Wie unterschiedlich ist doch die „Diskussionskultur“, wenn es in Deutschland gegen solche geht, die die sozialen Missstände, die Ursachen von Armut oder die Bildungsmisere anprangern.
Man vergleiche zum Beispiel nur einmal die Tonlage, die Abwertung oder die Polemik in der öffentlichen Auseinandersetzung mit der Linkspartei oder speziell mit Oskar Lafontaine. Da werden alle Register gezogen, um jemand nieder zu schreiben. Im Gegensatz dazu wirft Sarrazin keiner – wie das bei Lafontaine die Regel ist – „Besserwisserei“, „Scharfmacherei“, „rücksichtslosen Sozialdemagogie“, „ideologische Verblendung“, „rechthaberischen Populismus“, „Ahnungslosigkeit“ oder (in seiner Rolle als Finanzsenator) Mitverantwortung für Zustände vor, für die er jetzt pauschal einer Minderheit die Schuld zuschiebt. Niemand fragt ihn danach, warum er sich in Berlin „aus der Verantwortung geschlichen“ und bei der Bundesbank seine Schäfchen ins Trockene gebracht hat.

Während bei der Linkspartei, selbst wenn ihre (westlichen) Repräsentanten sich seit der Gründung der Bundesrepublik sich als gestandene Demokraten erwiesen haben, ständig der Verdacht der Nähe zur SED-Diktatur geäußert wird, werden bei Sarrazin die Argumentationsmuster, die eine enge Geistesverwandtschaft zur Nazi-Ideologie geradezu aufdrängen, geleugnet oder verharmlost.

Als Oskar Lafontaine einmal das Wort „Fremdarbeiter“ im Zusammenhang von Lohndumping durch ausländische Arbeitnehmer benutzte, da wurde versucht, ihn in die rechtsradikale Ecke zu stellen.

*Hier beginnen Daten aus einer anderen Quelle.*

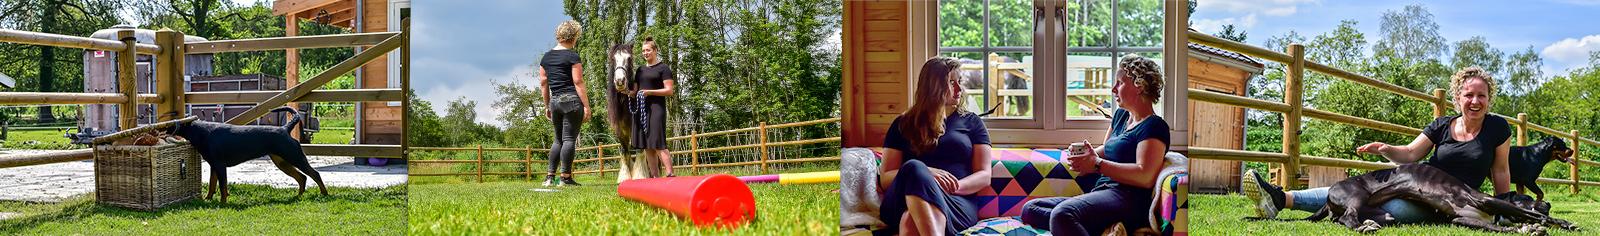 Kracht op Poten - CREF-therapie met honden en paarden, in Twente

Wenn Sarrazin halbe Wahrheiten und damit ganze Lügen über die Überfremdung Deutschlands durch integrationsunwillige Einwanderer aus islamisch geprägten Ländern verkündet und das Ende der deutschen Kultur an die Wand malt, dann gilt das als „Klartext“ oder schlimmstenfalls als „Provokation“ oder „Tabubruch“. Der Feind steht eben im heutigen Deutschland eben immer links.

Dass in Deutschland selbst das lesende Bürgertum Sarrazin begeistert hinterher rennt und schon vor der offiziellen Vorstellung die dritte Auflage seiner Kampfschrift in Druck ist und 70.000 Exemplare an die Buchhandlungen ausgeliefert sind, müsste ein Alarmsignal sein. Aber Deutschlands Biedermänner spielen wieder einmal die Arglosen, die dem Brandstifter die Zündhölzer reichen.